Either I don't get this, or it doesn't work. Could you please implement the easy finish to show me how I could get the desired values?
Ok I made it explicit - I usually try not to give an answer that people can just copy and paste.
Awesome answer ! I updated mine with a detailed explanation of the array broadcast magic.

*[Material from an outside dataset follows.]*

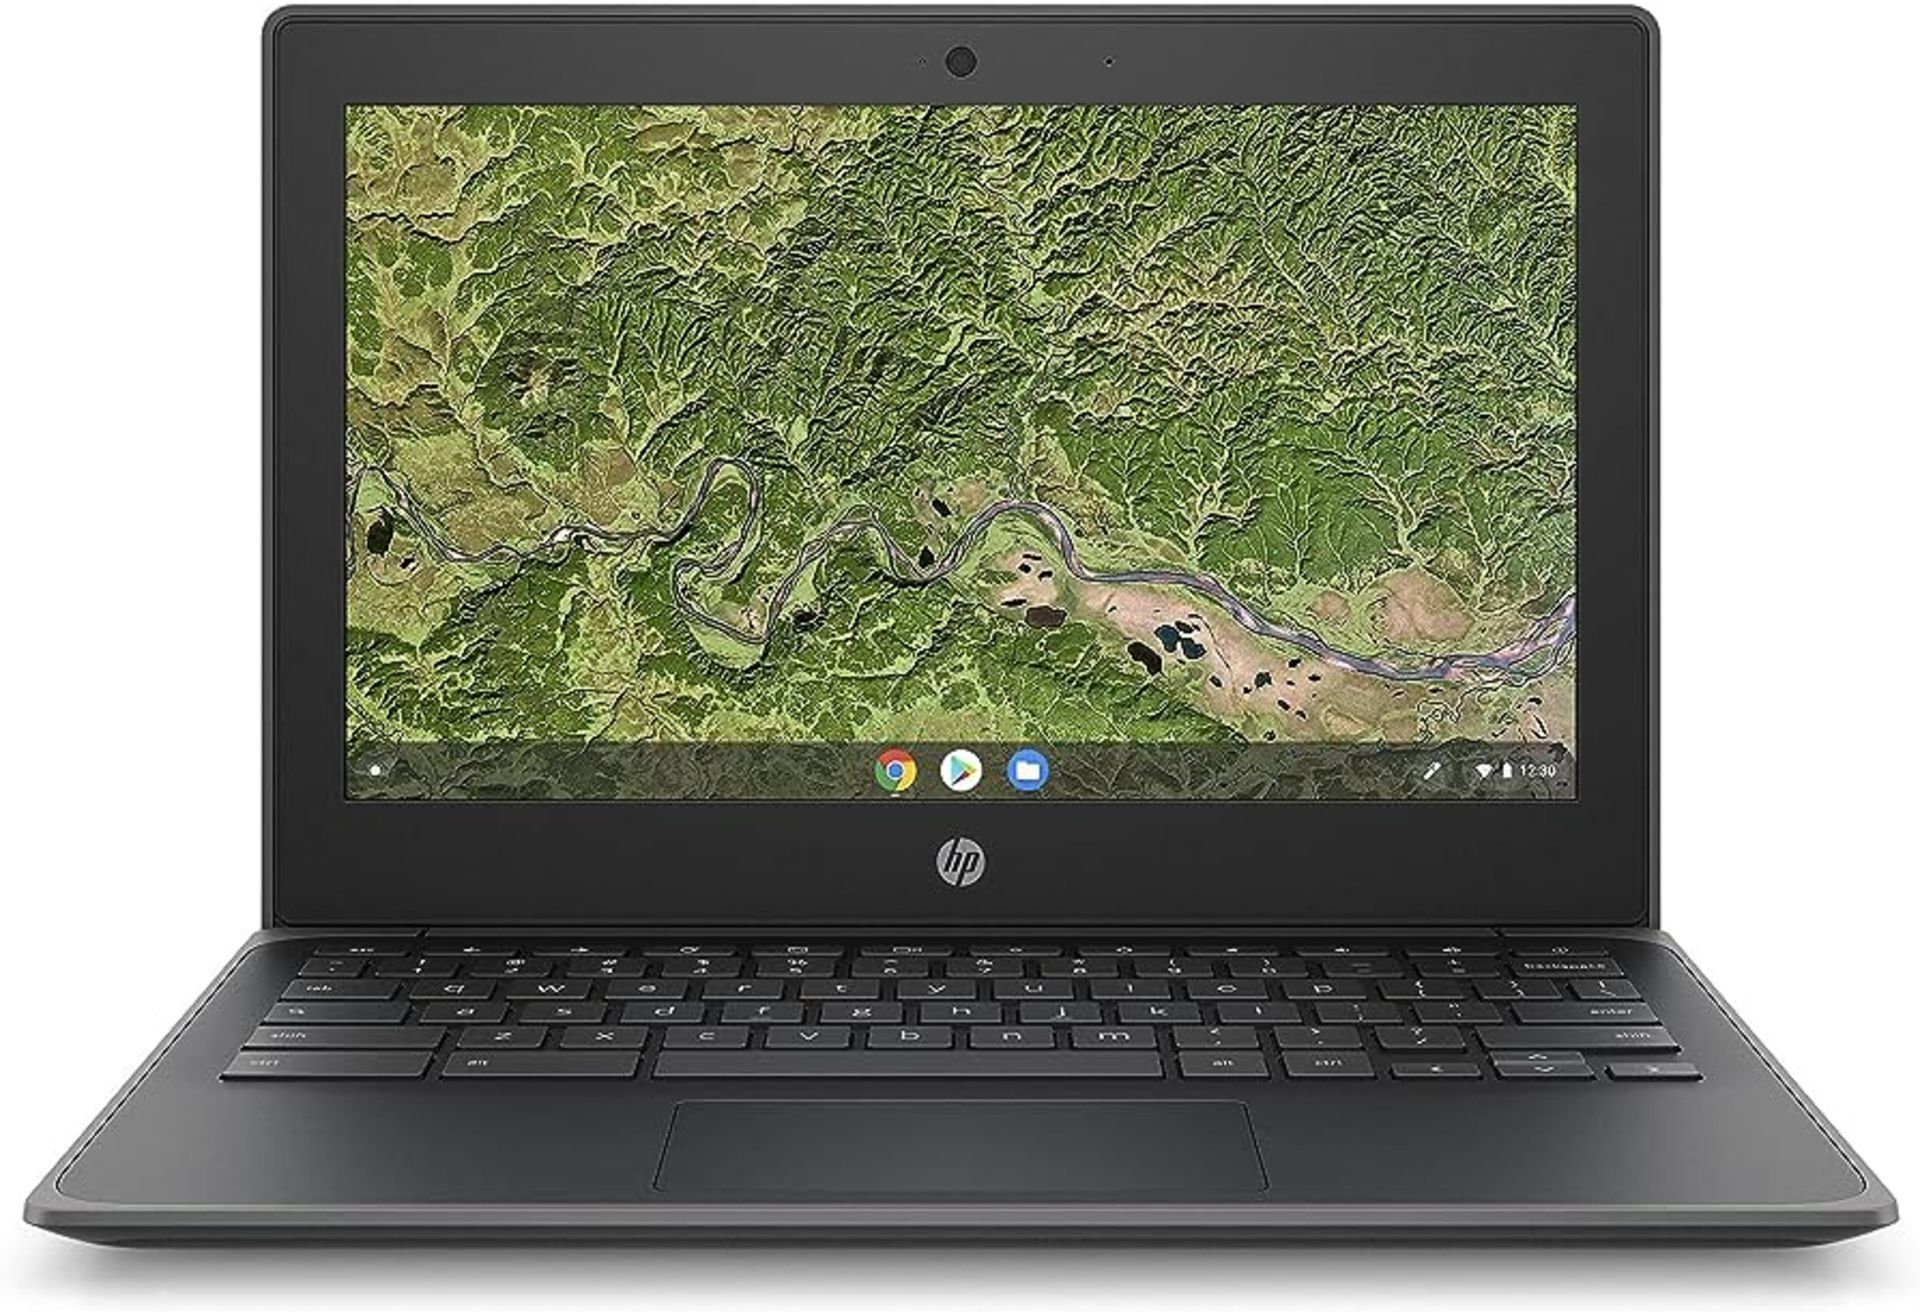 HP Chromebook 11A G8 Education Edition (OFC19EA) - AMD A4 9120C / 1.6 GHz, 4 GB RAM, 16 GB eMMC,

Thanks for increasing my numpy-fu ! :)
3

Quite similar to Bitwise's answer : 

def fn(a):
    return lambda b: np.all(a==b, axis=1)
matches = np.apply_along_axis(fn(M), 1, L[:,:2])
result = L[np.any(matches, axis=1)]

What happens under the hood is something like this (I'll use Bitwise's example, which is easier to demonstrate) :

>>> M
array([[ 0,  1],
       [ 2,  3],
       [ 4,  5],
       [ 6,  7],
       [ 8,  9],
       [10, 11]])
>>> M.shape+=(1,)
>>> M
array([[[ 0],
        [ 1]],

       [[ 2],
        [ 3]],

       [[ 4],
        [ 5]],

       [[ 6],
        [ 7]],

       [[ 8],
        [ 9]],

       [[10],
        [11]]])

Here we have added another dimension to the M array, which is now (6,2,1).

>>> L2 = L[:,:-1].T

Then we get rid of the last column of 2, and transpose the array, so that the dimension is (2,4)

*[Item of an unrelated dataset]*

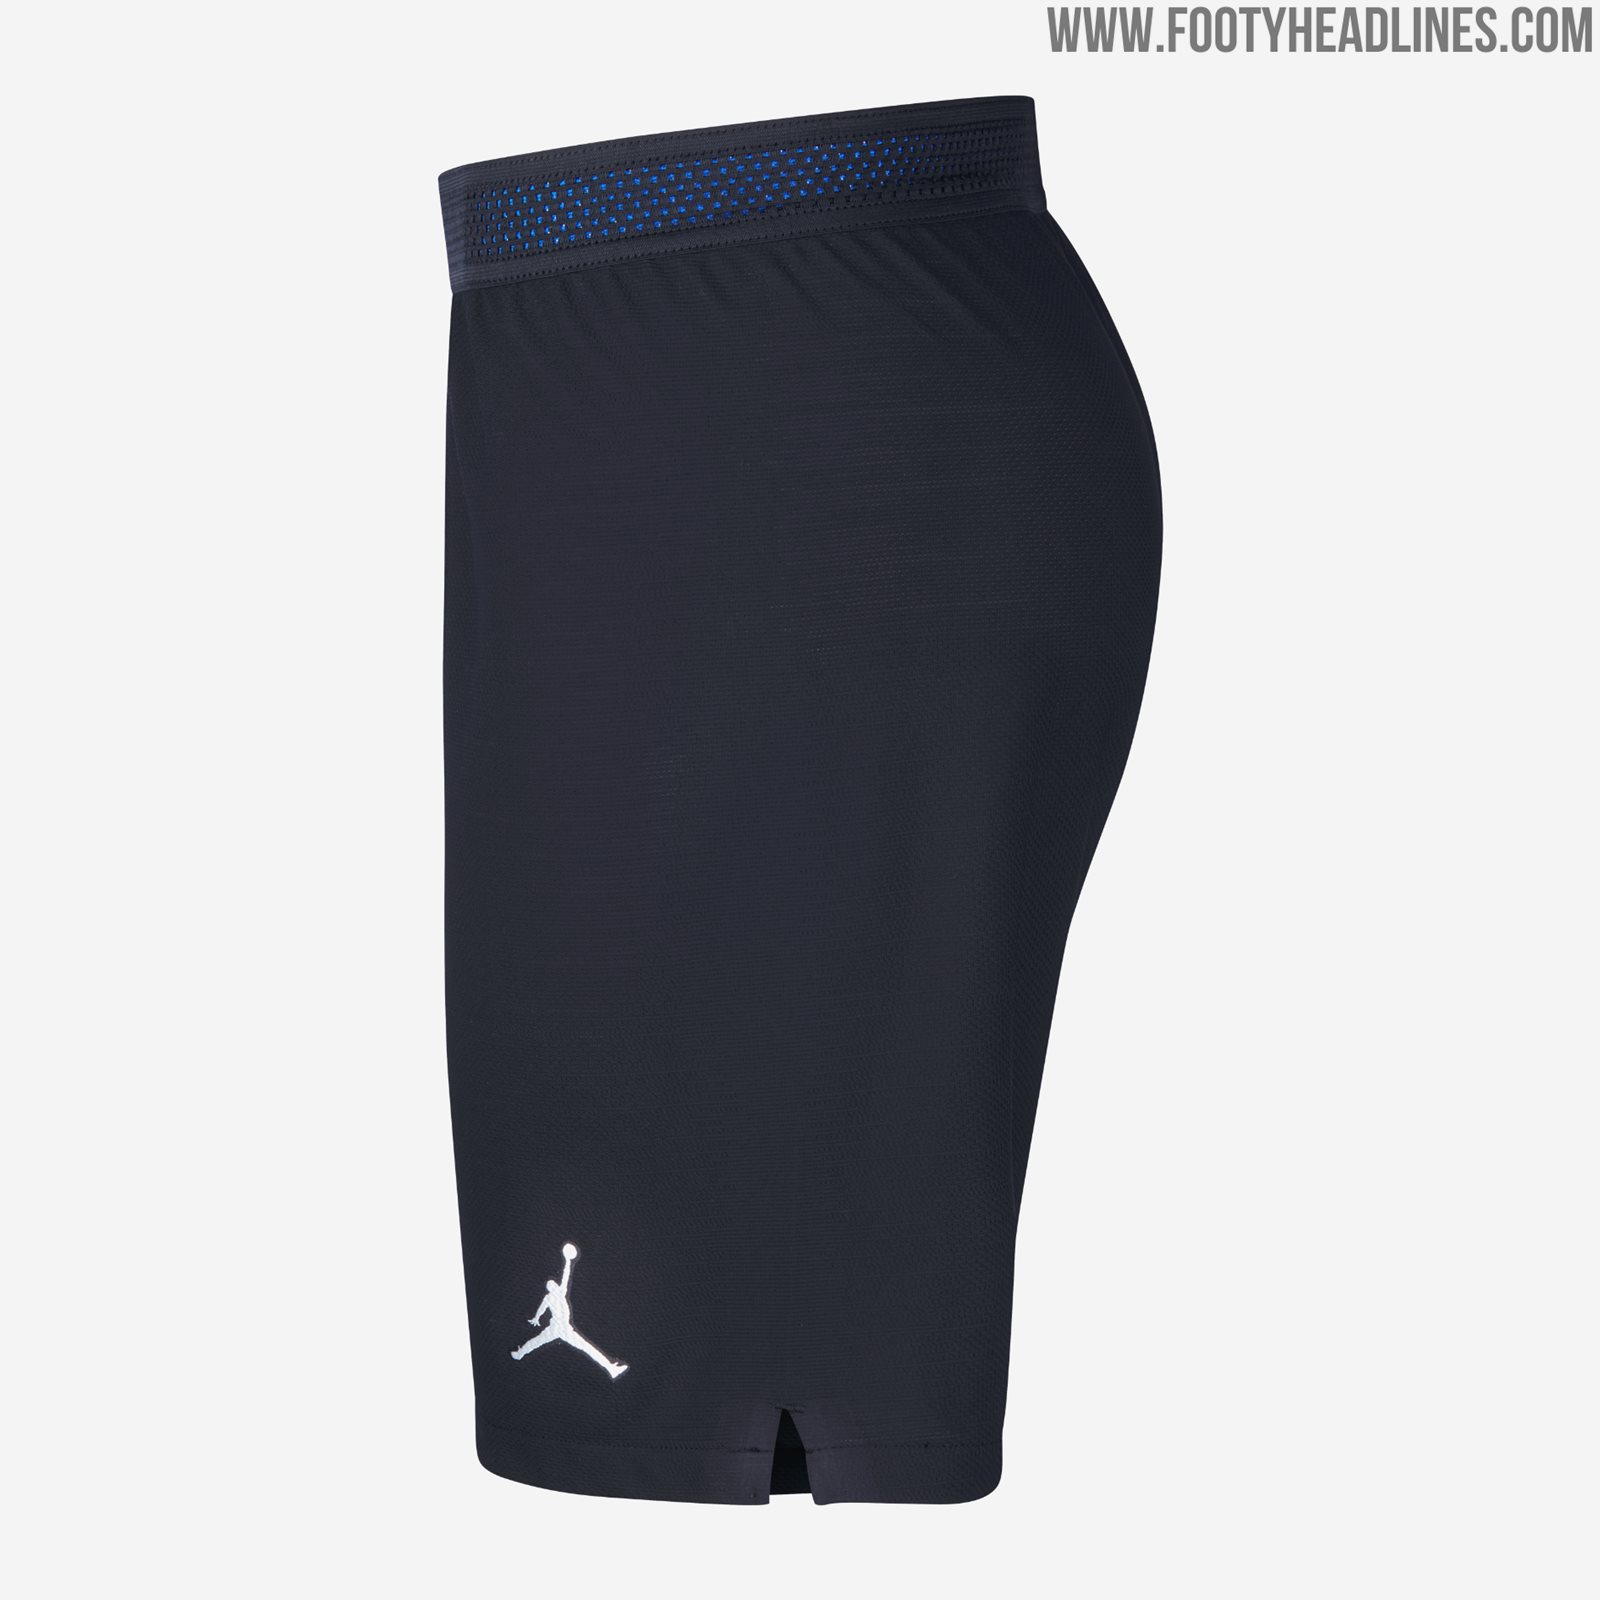 Nike Jordan PSG 4th Maillot 19/20 Homme

And here is the magic, M and L2 are now broadcastable to arrays of dimension (6,2,4).

As numpy's doc states :

A set of arrays is called “broadcastable” to the same shape if the above rules produce a valid result, i.e., one of the following is true:

The arrays all have exactly the same shape.
The arrays all have the same number of dimensions and the length of each dimensions is either a common length or 1.
The arrays that have too few dimensions can have their shapes prepended with a dimension of length 1 to satisfy property 2.

Example

If a.shape is (5,1), b.shape is (1,6), c.shape is (6,) and d.shape is () so that d is a scalar, then a, b, c, and d are all broadcastable to dimension (5,6); and

a acts like a (5,6) array where a[:,0] is broadcast to the other columns,
b acts like a (5,6) array where b[0,:] is broadcast to the other rows,
c acts like a (1,6) array and therefore like a (5,6) array where c[:] is broadcast to every row, and finally,
d acts like a (5,6) array where the single value is repeated.

M[:,:,0] will be repeated 4 times to fill the 3 dim, and L2 will be prepended a new dimension and be repeated 6 times to fill it.

>>> B = np.broadcast_arrays(L2,M)
>>> B
[array([[[ 0,  3,  6,  9],
        [ 1,  4,  7, 10]],

       [[ 0,  3,  6,  9],
        [ 1,  4,  7, 10]],

       [[ 0,  3,  6,  9],
        [ 1,  4,  7, 10]],

       [[ 0,  3,  6,  9],
        [ 1,  4,  7, 10]],

       [[ 0,  3,  6,  9],
        [ 1,  4,  7, 10]],

       [[ 0,  3,  6,  9],
        [ 1,  4,  7, 10]]]),


array([[[ 0,  0,  0,  0],
        [ 1,  1,  1,  1]],

       [[ 2,  2,  2,  2],
        [ 3,  3,  3,  3]],

       [[ 4,  4,  4,  4],
        [ 5,  5,  5,  5]],

       [[ 6,  6,  6,  6],
        [ 7,  7,  7,  7]],

       [[ 8,  8,  8,  8],
        [ 9,  9,  9,  9]],

       [[10, 10, 10, 10],
        [11, 11, 11, 11]]])]

We can now compare them element-wise :

>>> np.equal(*B)
array([[[ True, False, False, False],
        [ True, False, False, False]],

       [[False, False, False, False],
        [False, False, False, False]],

       [[False, False, False, False],
        [False, False, False, False]],

       [[False, False,  True, False],
        [False, False,  True, False]],

       [[False, False, False, False],
        [False, False, False, False]],

       [[False, False, False, False],
        [False, False, False, False]]], dtype=bool)

Row to row (axis = 1):

>>> np.all(np.equal(*B), axis=1)
array([[ True, False, False, False],
       [False, False, False, False],
       [False, False, False, False],
       [False, False,  True, False],
       [False, False, False, False],
       [False, False, False, False]], dtype=bool)

Aggregate on L's :

>>> C = np.any(np.all(np.equal(*B), axis=1), axis=0)
>>> C
array([ True, False,  True, False], dtype=bool)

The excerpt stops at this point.